Muhly grasses are excellent, drought-tolerant additions to the landscape. There are many varieties of muhly grass including Lindheimer (pictured), gulf, and bamboo. They provide color and add a wavy appearance to any sunny flowerbed as they gently move with the breeze.
This extremely drought-tolerant plant is native to the deserts and montane regions in the State of Tamaulipas in northern/northeastern Mexico. It is known to be cold-hardy to at least 10 °F. Great for borders or central focus in a landscape bed.
Ornamental Juniper can be used as a groundcover and provides a strong evergreen edge for this formal landscape.

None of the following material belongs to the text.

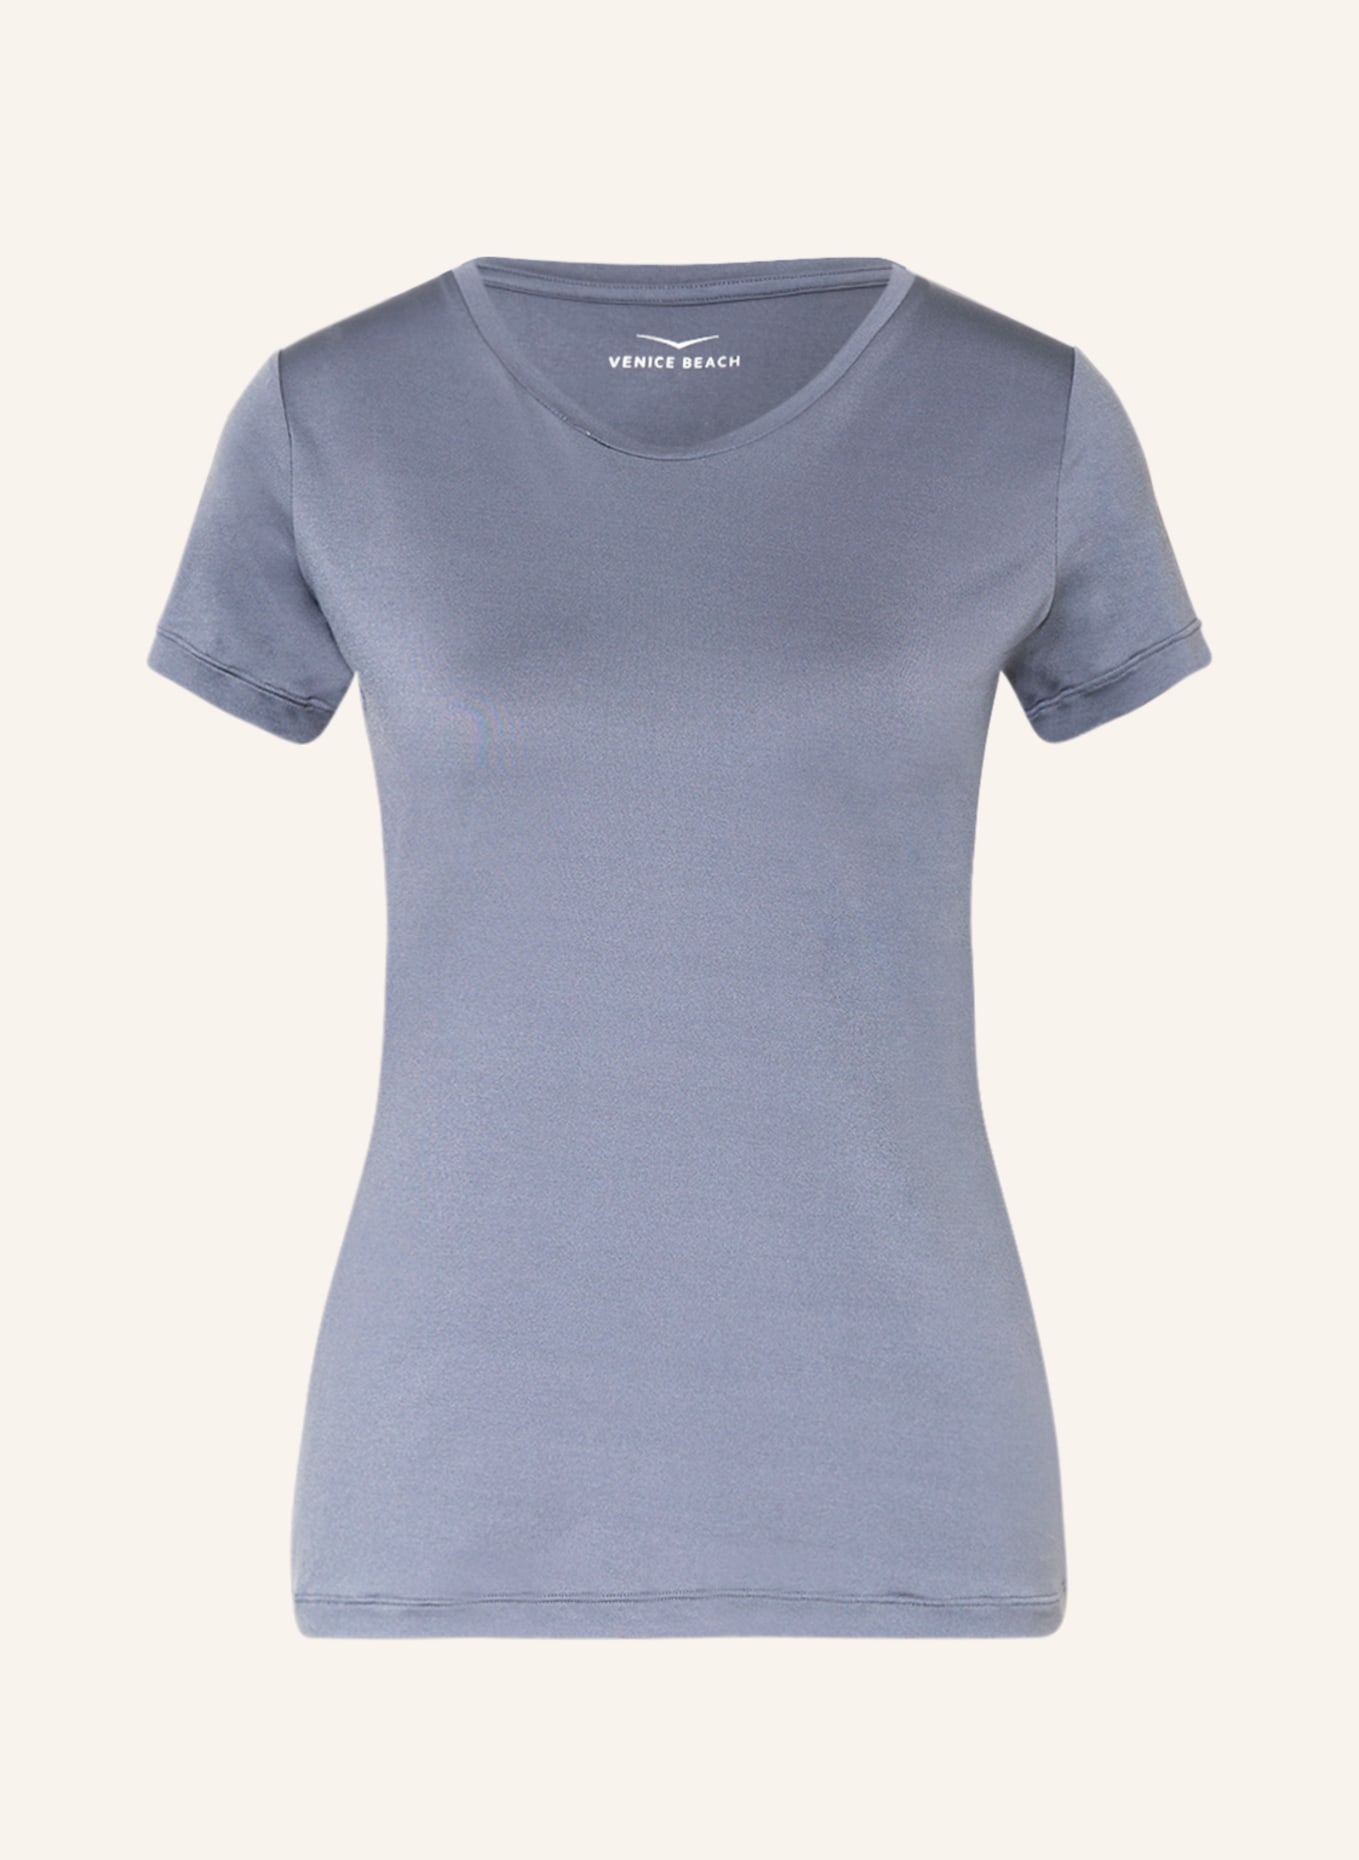 VENICE BEACH T-Shirt DEANNA, Farbe: BLAUGRAU (Bild 1)
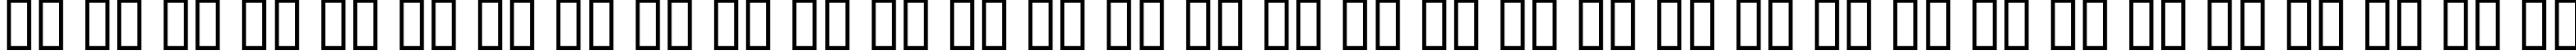 Пример написания русского алфавита шрифтом CircleC

As you can see here, primrose jasmines can take up quite a bit of room and need no additional irrigation. For those of you with a big corner lot,hese are your friends.
Primrose Jasmine bloom
You know spring is coming when you see these little, yellow darlings! While primrose jasmine only blooms profusely in early spring, it makes a tough, vigorous, evergreen shrub and screen the rest of the year. They’re great for creating privacy in backyards.
The red yucca is a very common and popular landscape plant for San Antonio. Versatile as a landscape bedding plant or in medians and wildscape areas, the spikes of red blooms provide food for hummingbirds and a contrast to the dry colors of summer.
Your neighbors will certainly have yard envy when they see one of these gorgeous redbuds in your yard! Bright, red-pink flowers coat this tree's branches starting in early March.
Rosemary Trailing Over the Walkway
Rosemary is a tough evergreen that it is sometimes used as a small foundation shrub. Trailing rosemary (pictured) cascades beautifully down retaining walls and rocky slopes or spills out over walkways and boasts lavender-blue flowers that bloom spring through fall.
Roughleaf Dogwood Tree
Rough-leaf dogwood is a clumping shrub or small tree, reaching heights of 16 ft., with flat-topped clusters of creamy-yellow flowers and hard, white fruit on reddish brown or gray branchlets. The upper surface of the oval leaves is covered with rough hairs while the lower surface is softly pubescent.
Texas Mountain Laurel
Most are familiar with the sweet, mouthwatering scent of the Texas Mountain Laurel bloom. It's one of the first trees of the year to flower and considered a harbinger of the spring season.
Texas Persimmon Tree
The Texas Persimmon's smooth, gray bark stands out in the landscape when planted in the shade of larger trees. These slow-growing denizens of south Texas provide cover and food for wildlife while being very resistant to drought.
Texas Pistache Shrubbery
Although the Texas Pistache is normally grown as a tree, it can be carefully molded, pruned and shaped into an attractive shrub that provides fall color and bright red fruits.
Possumhaw is a Texas native admired for its red fruit that is showcased in the winter when it drops its leaves. This large shrub needs some sun exposure to produce the berries that will attract fruit-eating birds to your landscape and provide color in the winter.
Plants that sport winter berries, such as this yaupon holly, are a festive addition to a landscape and a must in any wildscape.
Yaupon Holly is often grown in residential landscapes and trimmed into hedges. Yaupon is slow-growing and tends to get thick and twiggy on the inside, making it ideal for dense hedges but requiring careful pruning to shape it into a tree. You must have both a male and female plant to have berries.
Did you know that yuccas can only be pollinated by certain species of moths? These early spring bloomers don’t usually have an appealing fragrance, but they are amazingly tolerant of drought and rocky soils.